Talent, trials, and trust: Three gaps in India’s biotech boom

Talent, trials, and trust: Three gaps in India’s biotech boom


In one of the sessions at Scale-Up Health, an Eight Roads Ventures initiative, industry experts identified- absence of early-stage clinical trial infrastructure, limited translational research from universities, and shallow capital pools as a major gaps in India’s biotech boom.

A panel on “Breakthrough Bharat: Is India Ready for the Biotech Frontline” brought together industry veterans and investors to reflect on the road ahead. The discussion featured Dr. Sadhna Joglekar, Senior Vice President & Head of Global Drug Development India at Novartis, who highlighted India’s strengths in late-phase clinical research but flagged the absence of early-phase capacity; Arjun Surya, CEO of Curadev, who stressed the importance of experiential learning and small, high-energy teams to drive discovery; and Robert Weisskoff, Senior Partner at F-Prime, who underscored the need for patient capital and government intent to fuel biotech innovation.

Surya, noted that discovery efforts in the late 1990s often faltered not because of lack of ambition, but because the supporting ecosystem was missing. He argued that true innovation rarely comes from sprawling labs with thousands of researchers; instead, it flourishes in small, agile teams where energy and focus are high. The challenge, he stressed, is creating an environment where clinicians and scientists gain the experiential learning necessary to lead, particularly in areas like first-in-human trials.

Dr. Joglekar, underlined how India has built credibility in large-scale, late-phase studies, supported by trained investigators, regulators, and CROs. Yet, she pointed out, the country continues to lag in first-in-human and proof-of-concept trials. Without more Phase 1 centers and stronger mentorship from experienced clinicians, this gap will persist.

The weakness, she argued, also extends to academia. She added, “While institutes like IISc and IITs, and incubators such as C-CAMP, are nurturing innovation, most universities still lack the incentives or structures to drive translational research. Unlike the West, where universities often spin out startups, Indian faculty are rewarded more for publishing papers than for building therapies. This, in turn, limits the pipeline of ideas that can move from labs to markets.”

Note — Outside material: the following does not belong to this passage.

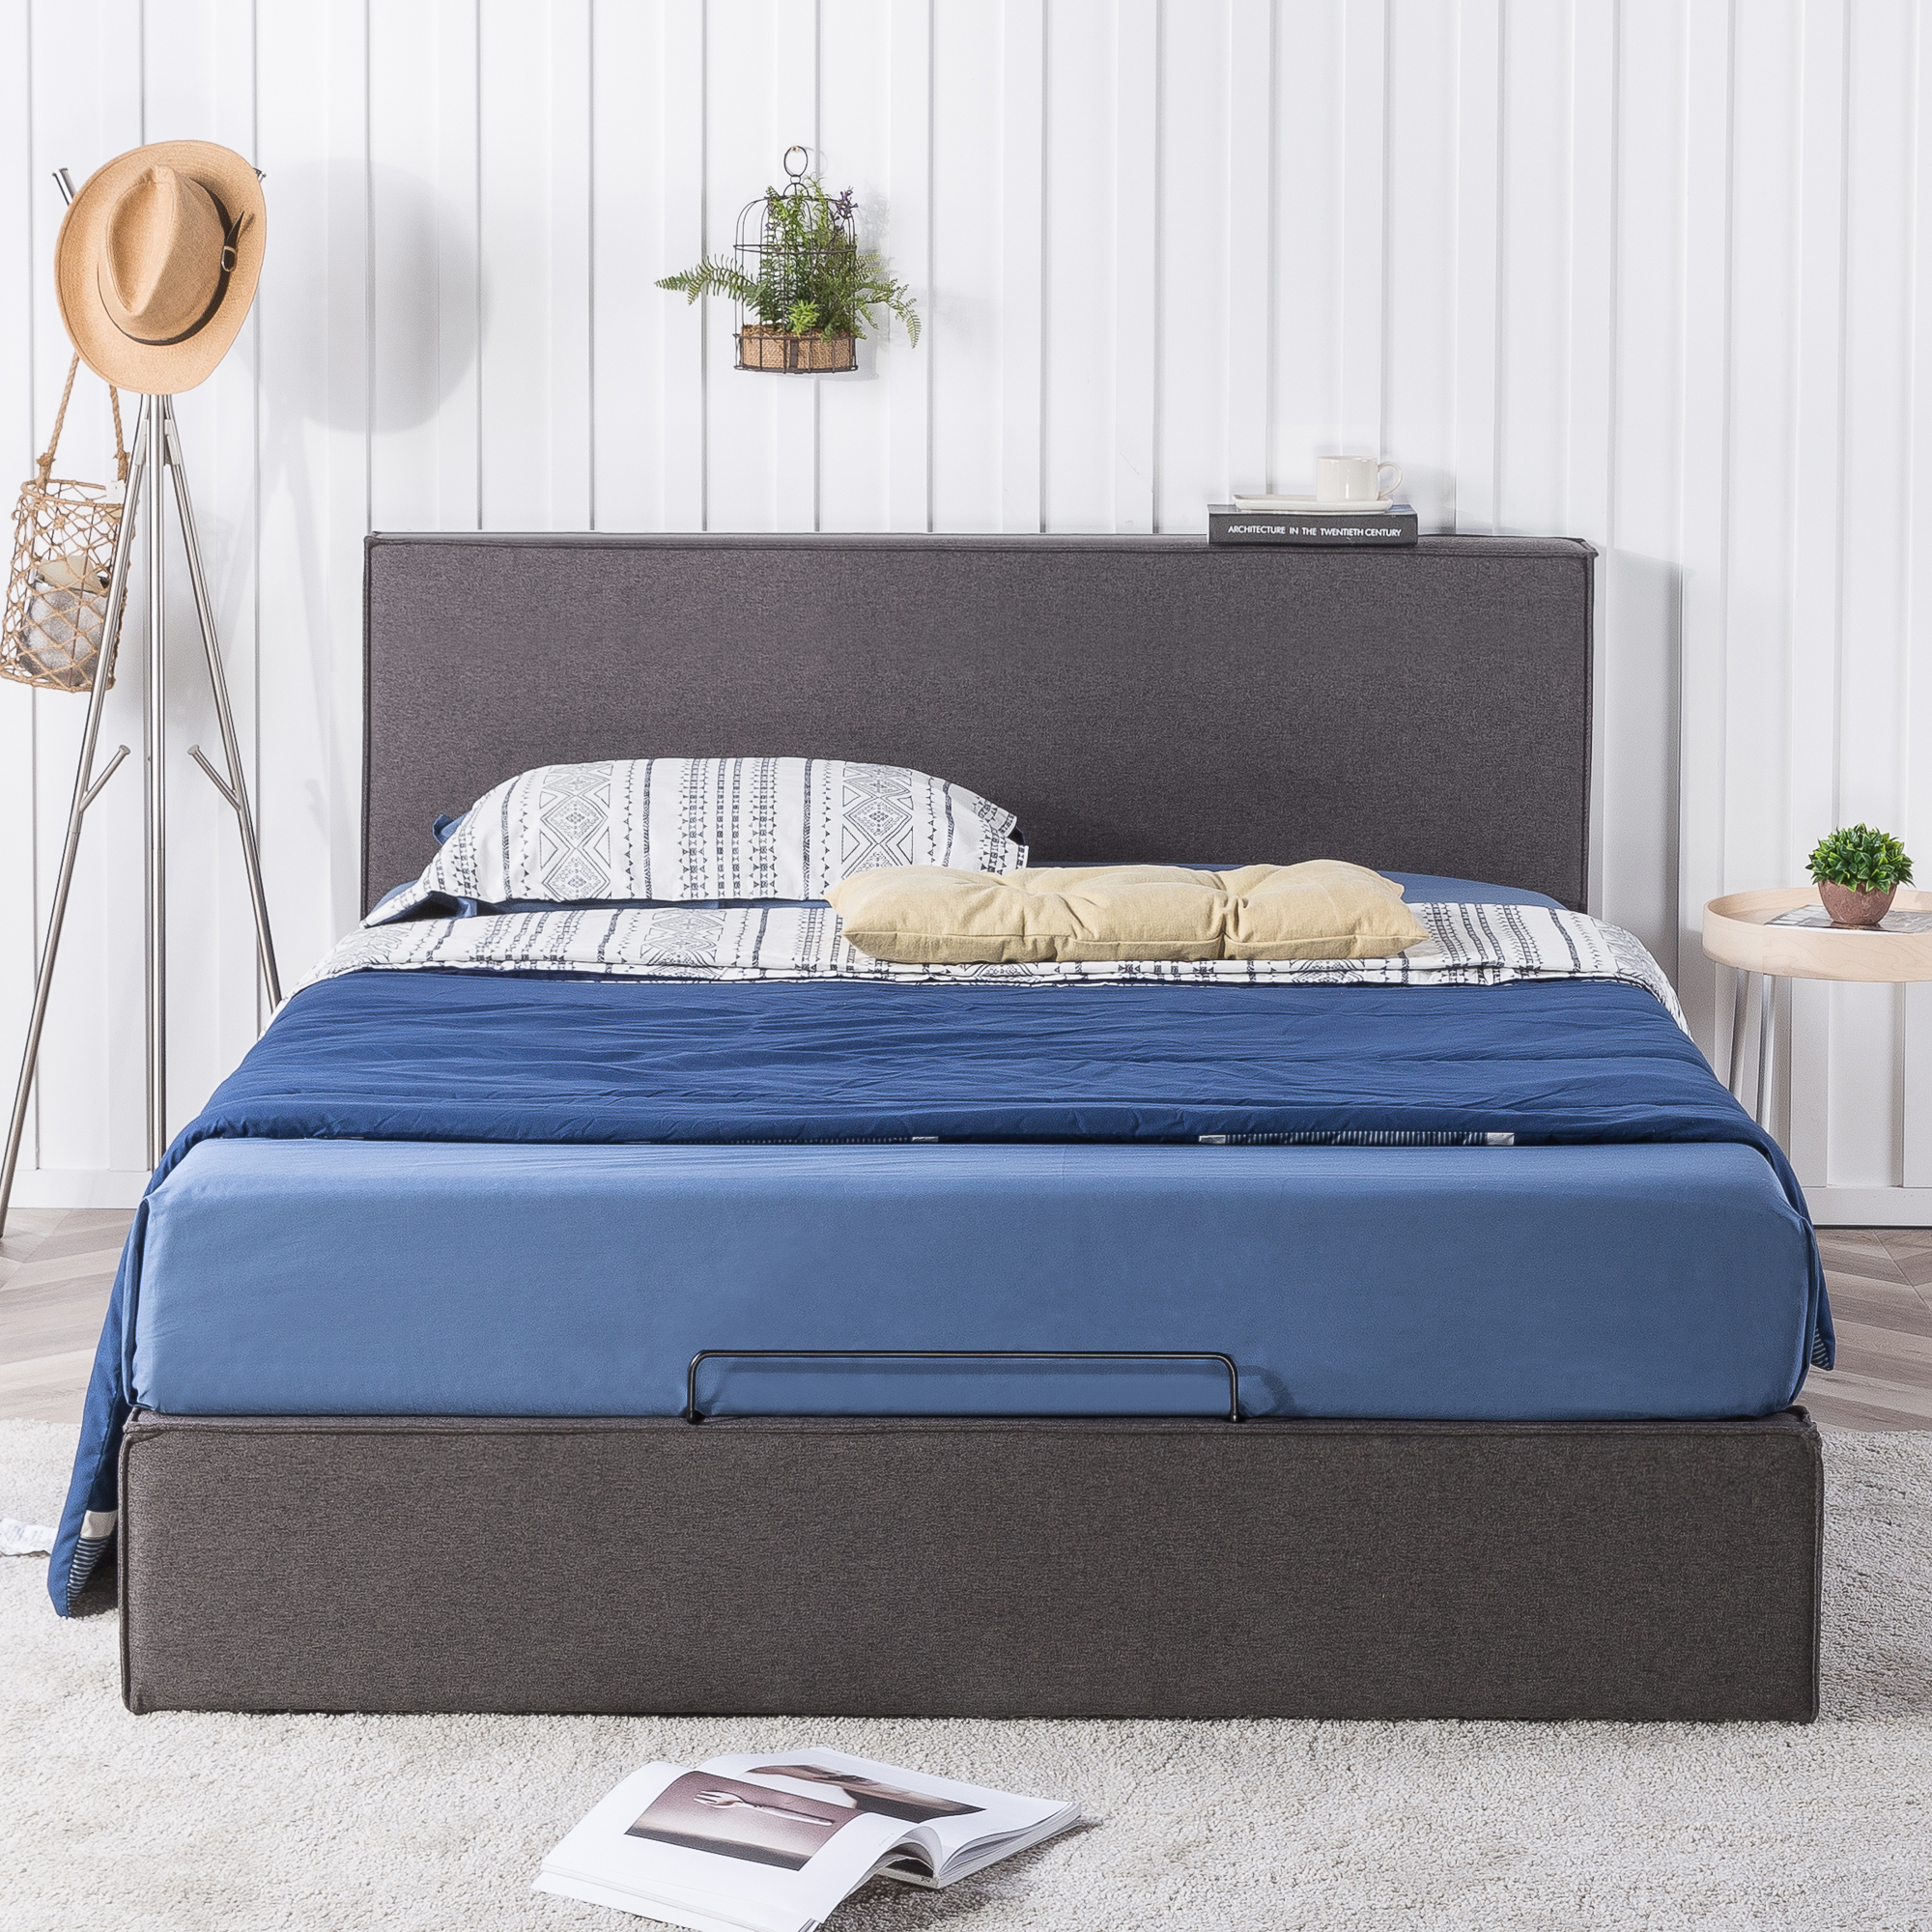 Zinus Finley 34" Upholstered Platform Bed with Lifting Storage, Full - image 2 of 11
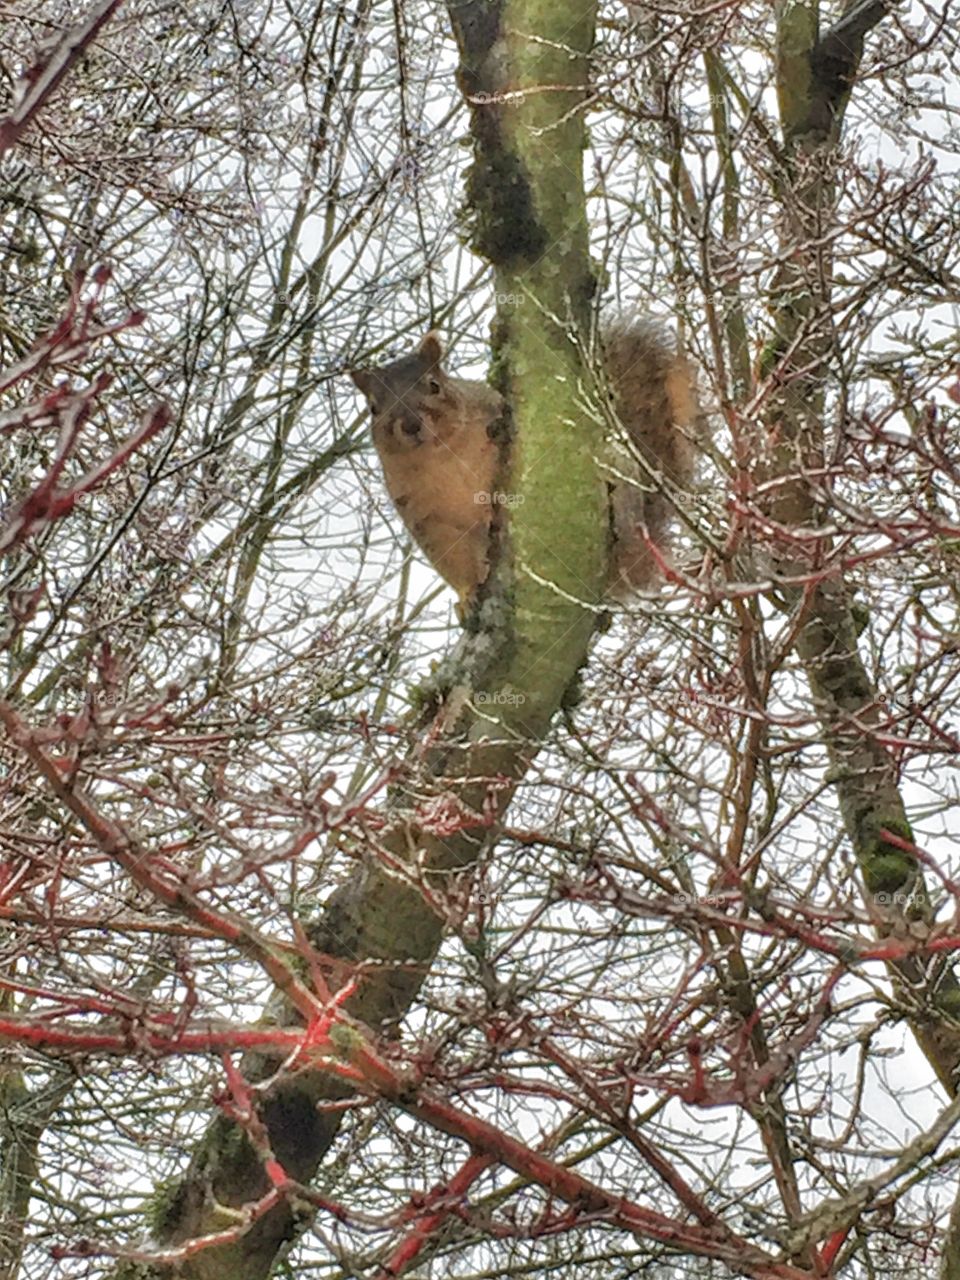 Ice storms in the northwest are no fun for squirrels in trees.

Sharing an investor’s perspective, Weiskoff compared India’s situation with China’s trajectory. He said, “In China, government acceptance of high-priced drugs created market incentives that fueled local innovation, while public funding, regulatory reforms, and diaspora engagement built a robust ecosystem. India, by contrast, resembles Japan, where low pricing and limited capital pools have slowed biotech’s growth despite strong academic research.”

Weisskoff argued that India will need both policy intent and capital depth to change course. Programs like Japan’s AMED which match government funds with private investment to de-risk early bets could provide a template. Without such signals, investors are unlikely to back the inherently risky early-stage trials that are essential to biotech innovation.